Христос, явив Своё Божественное всемогущество, отверг предложение дьявола превратить камни в хлеба, и «алкая более спасения людей, чем пищи, сказал: «не о хлебе едином будет жив человек» (Мф. 4:4)… Хотя (Христос) воздерживался даже до дня искушения от человеческой пищи, однако питался Духом Божьим (Dei tamen spiritu alebatur)»[29]. Но
«может быть, – продолжает Иларий, – у Кого были аффекты (affectio) плача, жажды и алкания, Тому необходимо была присуща природа и прочих человеческих страстей? Но кто не разумеет таинства плача, жаждания и алкания, пусть знает, что Плачущий и животворит, и не (столько) плачет о смерти Лазаря, как радуется, – что Жаждущий источает из Себя реки воды живой, и что не иссыхает (arere) от жажды Могущий напоить жаждущих, – что Алчущий осуждает дерево, не доставившее Ему, алчущему, плодов своих, – и что не побеждается неядением та Природа, которая повелением – засохнуть изменяет природу зеленеющего (дерева)»[30].
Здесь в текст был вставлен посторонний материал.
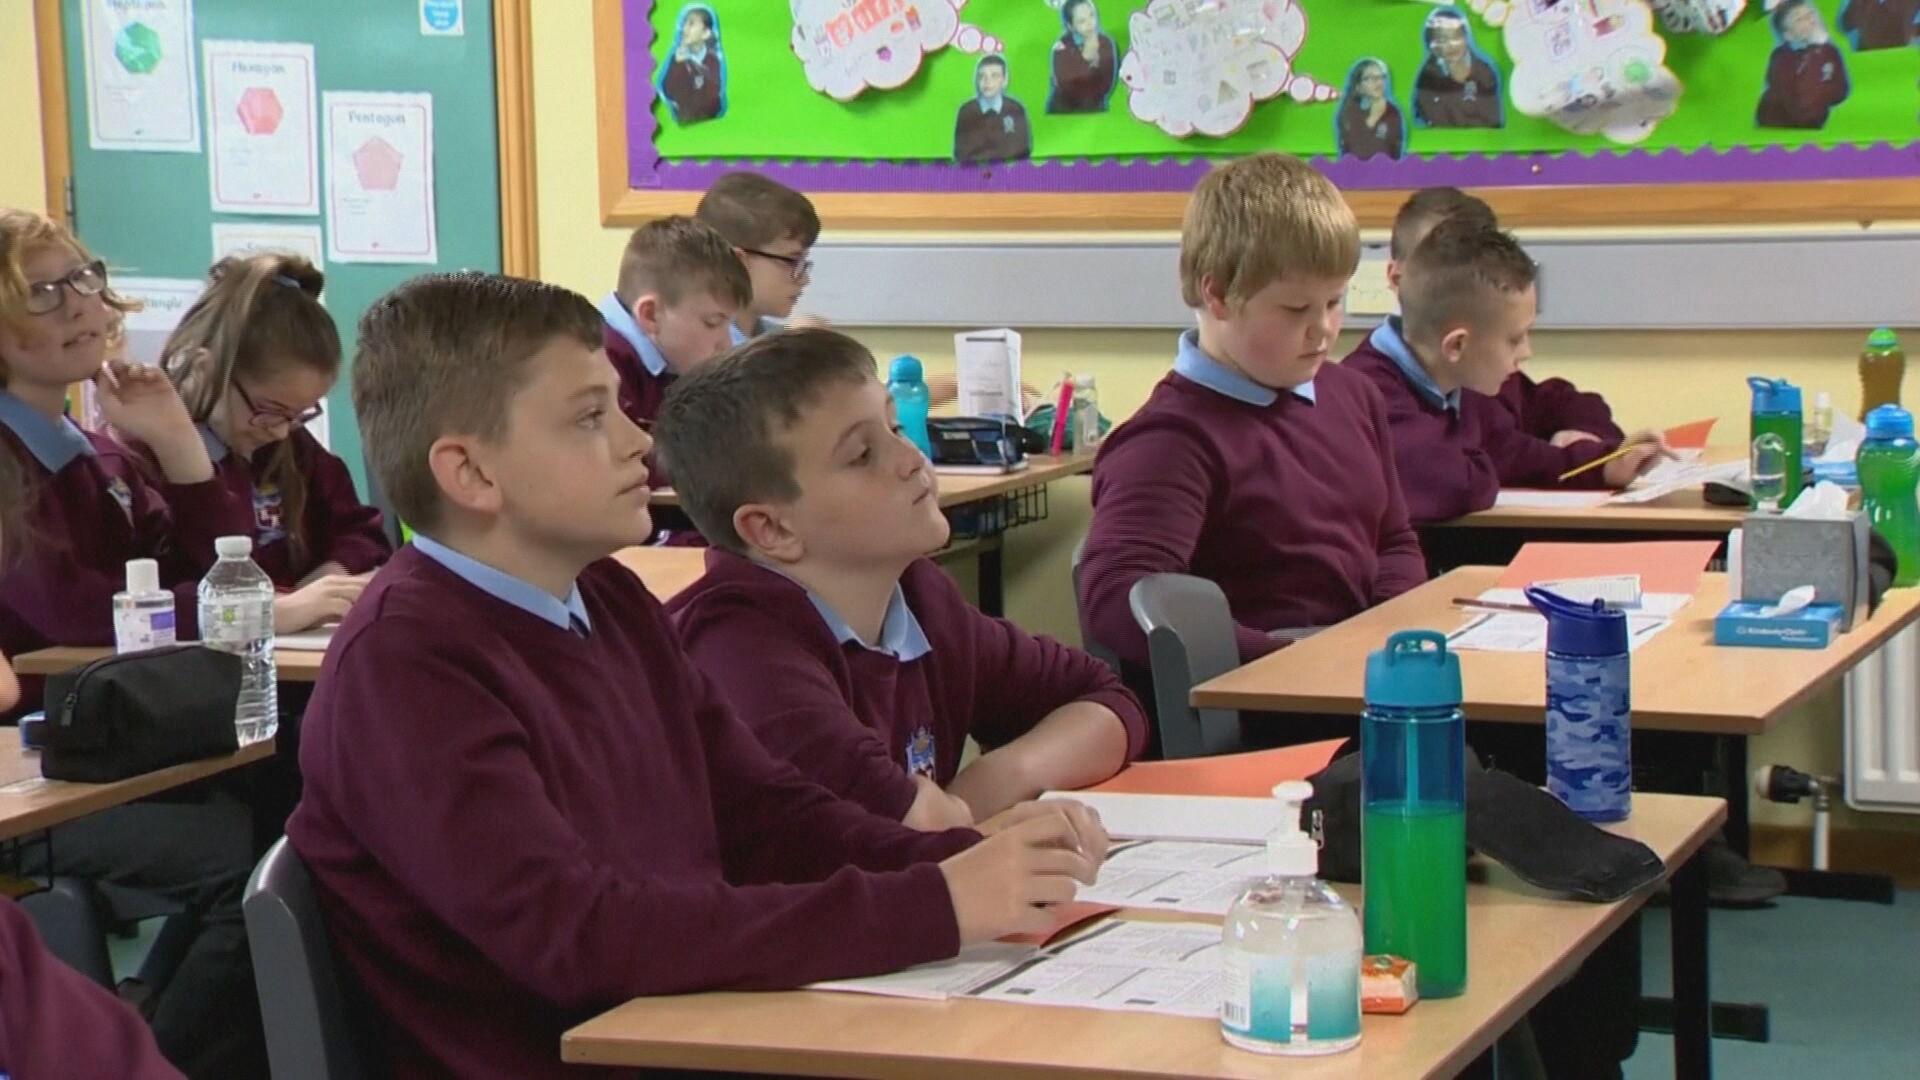 Reino Unido alerta para infecções da variante originária da Índia em escolas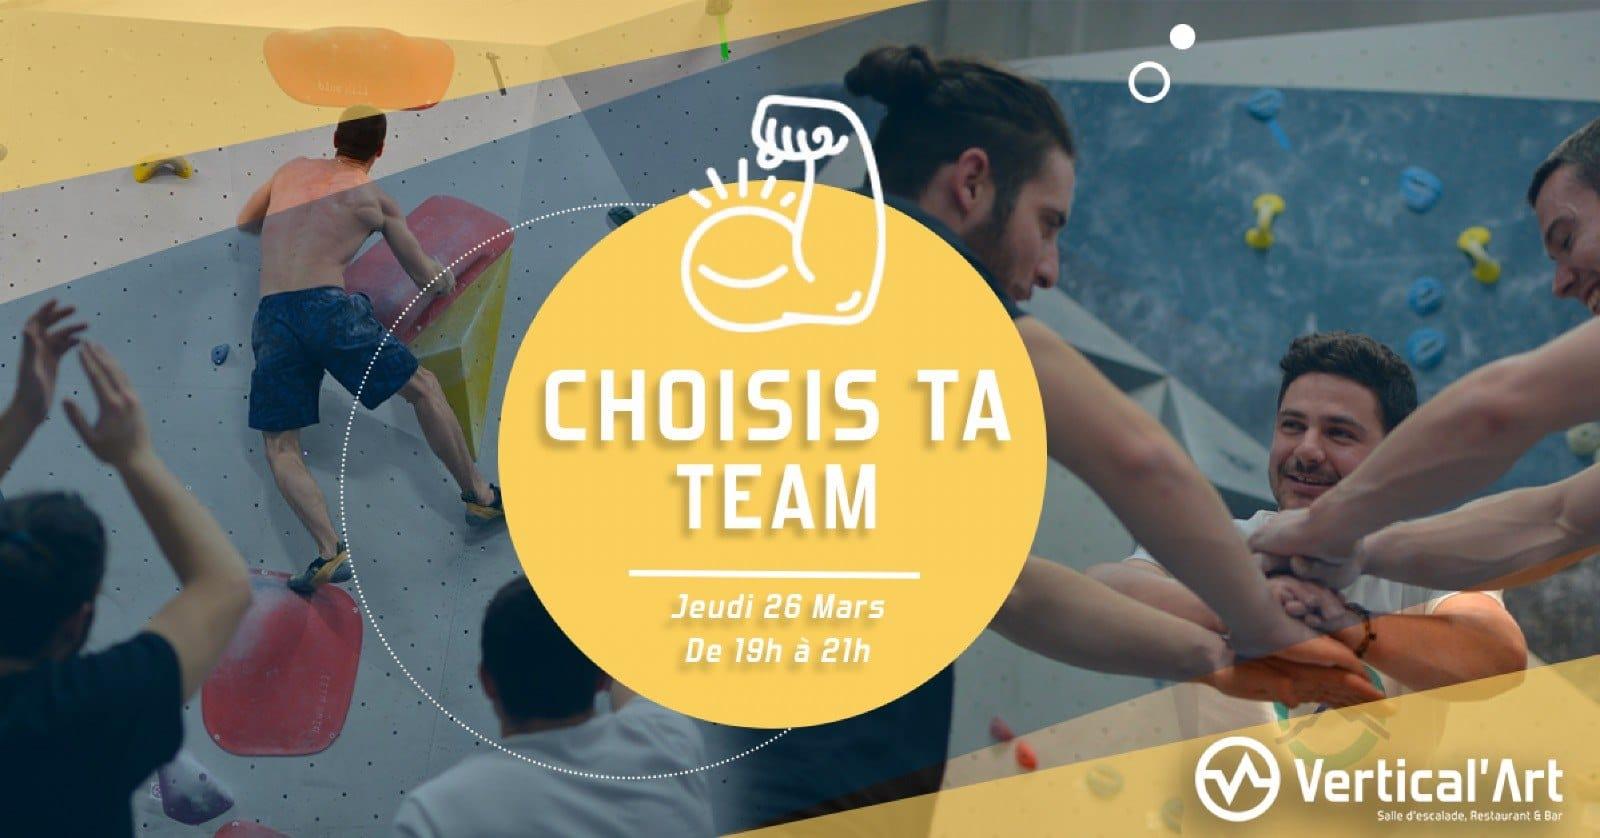 Choisis ta team Vertical'Art Rungis - petit contest en équipe - Val de Marne - Événement signature -

Из приведенных слов Илария видно, что он не отрицает эмпирической реальности «аффектов» Христа, но возражает против их квалификации как «неукоризненных страстей», присущих всем людям.
Тенденция – как можно дальше отстранить мысль о каком-либо личном малодушии или страдании Спасителя – проникает и объяснение Иларием крестных мучений Христа.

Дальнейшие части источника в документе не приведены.